À propos des recommandations, Sonia Alesso a souligné qu’il s’agissait d’un « document capital » qui appelle toutes les organisations membres de l’Internationale de l’Éducation à s’atteler à la tâche, à la fois « en l’examinant et en le diffusant à la base ». Mme Alesso a souligné qu’il était important d’œuvrer en faveur d’un financement accru de l’éducation publique par l’État. Elle a attiré l’attention sur les recommandations concernant l’investissement public dans la profession enseignante, le développement durable, la paix et la démocratie et la transformation de l’éducation sur la base d’un nouveau contrat social.

« Les gouvernements de droite cherchent à faire régresser l’éducation et à annuler la liberté académique, ils veulent s’ingérer dans nos décisions et nous avons besoin d’un nouveau contrat social qui place les droits des travailleurs et les droits humains au premier plan », a-t-elle déclaré.

Mettre fin à la précarité et promouvoir la justice de genre

Faisant référence au contexte indonésien, Mme Rosyidi a attiré l’attention sur les recommandations portant plus spécifiquement sur la nécessité d’assurer la stabilité de l’emploi pour le personnel de l’éducation. « Nous voulons mettre fin à l’emploi précaire et nous voulons que les enseignant.e.s contractuel·le·s passent au statut permanent », a-t-elle indiqué.

Mme Rosyidi a en outre insisté sur la nécessité de poursuivre la lutte en faveur de l’égalité des genres, une question qui est incluse dans les recommandations. « Il faut que les enseignantes soient des leaders et nous devons demander au gouvernement de mettre en place des procédures favorisant le leadership des femmes », a-t-elle déclaré.

La dirigeante du PGRI a précisé qu’une rencontre était prévue entre son syndicat et le ministre des Finances afin de discuter de la mise en œuvre des recommandations.

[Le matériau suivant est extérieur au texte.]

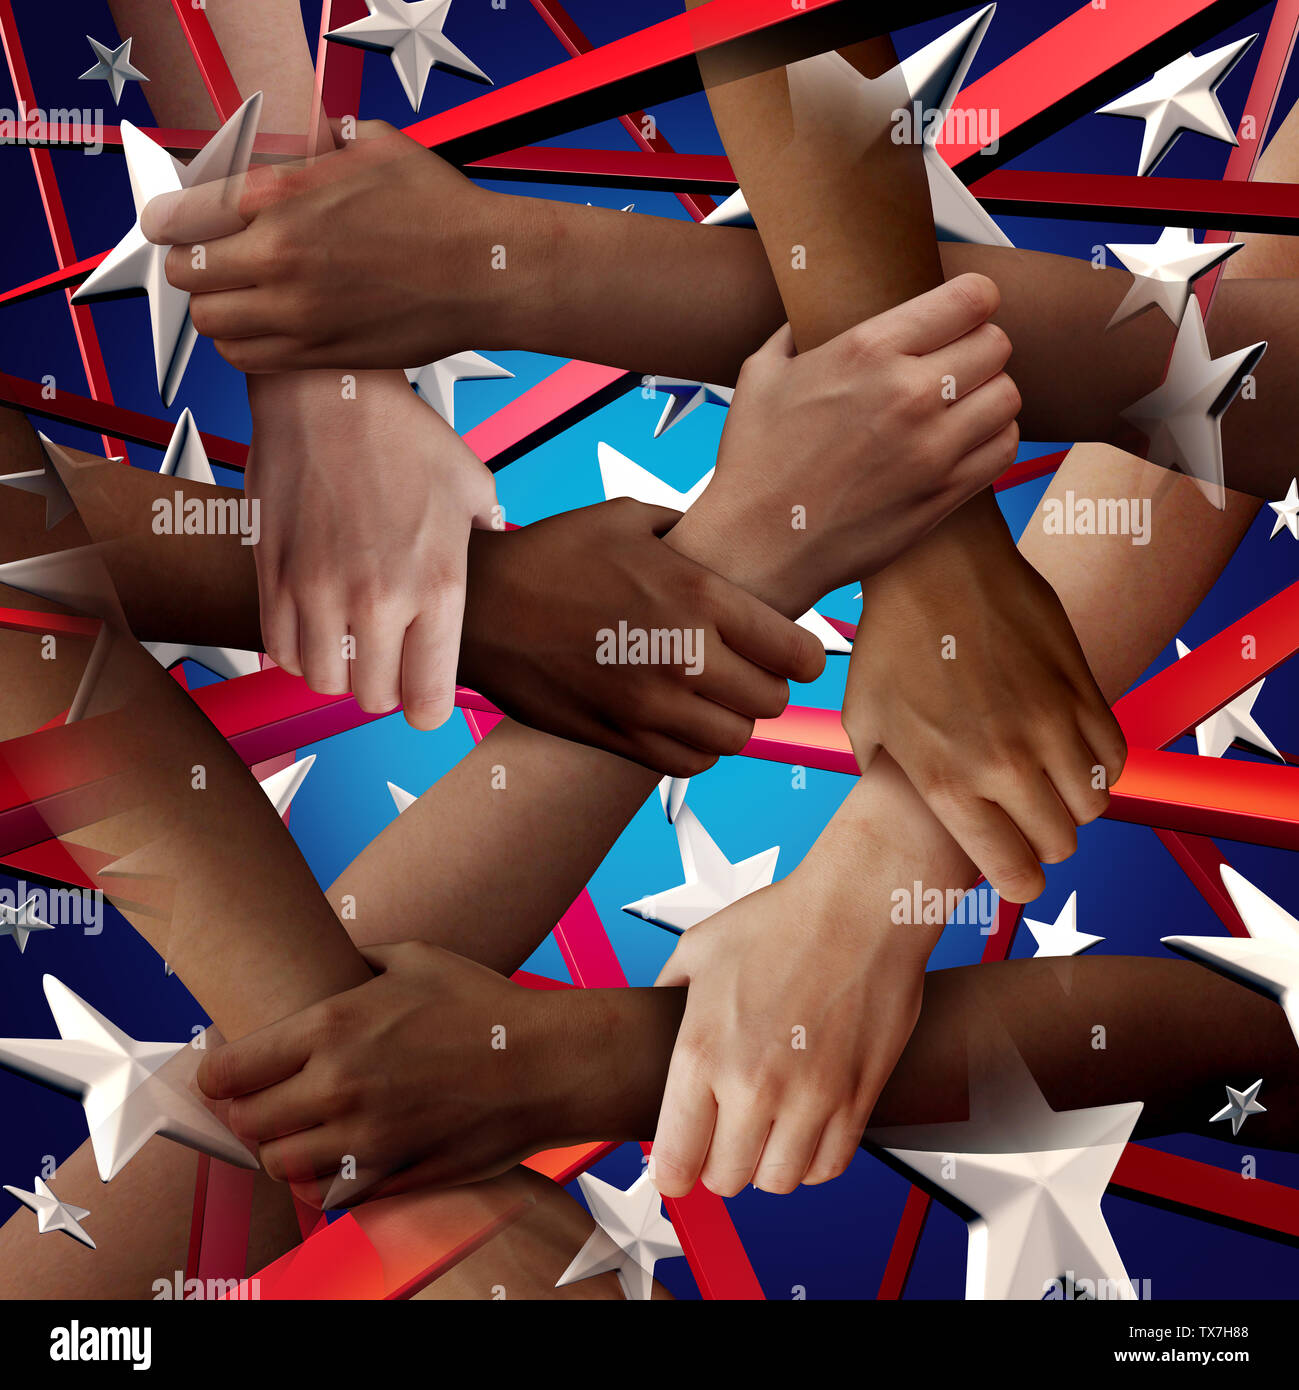 Am 4. Juli Vielfalt Feier wie ein amerikanischer Nationalfeiertag feiern verschiedene Menschen in den Vereinigten Staaten für die Unabhängigkeit Tag als Menschen. Stockfoto

Le financement : une question de vie ou de mort

Mme Bikoko a évoqué le contexte complexe du Cameroun, insistant en particulier sur les recommandations relatives au financement, aux salaires, à la formation de qualité et accessible et à la garantie du développement professionnel.

Le financement « est une question de vie ou de mort (...) parce que les familles les plus vulnérables ne peuvent pas inscrire leurs enfants dans les écoles publiques, insuffisantes, alors que le secteur privé se livre à une ségrégation en faveur des élèves des classes privilégiées. » Par ailleurs, poursuit-elle, « les écoles et les universités doivent également disposer d’un financement adéquat en matière d’éducation afin de leur permettre d’investir dans des enseignant·e·s de qualité ».

Mme Bikoko a plaidé en faveur de la protection et du renforcement de la dignité de la profession enseignante dans ses relations avec les étudiant·e·s. « Sans un investissement de l’État, l’enseignement public est à l’agonie. L’éducation est un droit, pas un privilège », a-t-elle conclu.

La session s’est terminée par une discussion en plénière qui a souligné l’engagement collectif des affiliés de l’Internationale de l’Éducation à forger, par le biais d’une stratégie politico-organisationnelle commune, une profession enseignante bien rémunérée et respectée, avec une stabilité d’emploi garantie.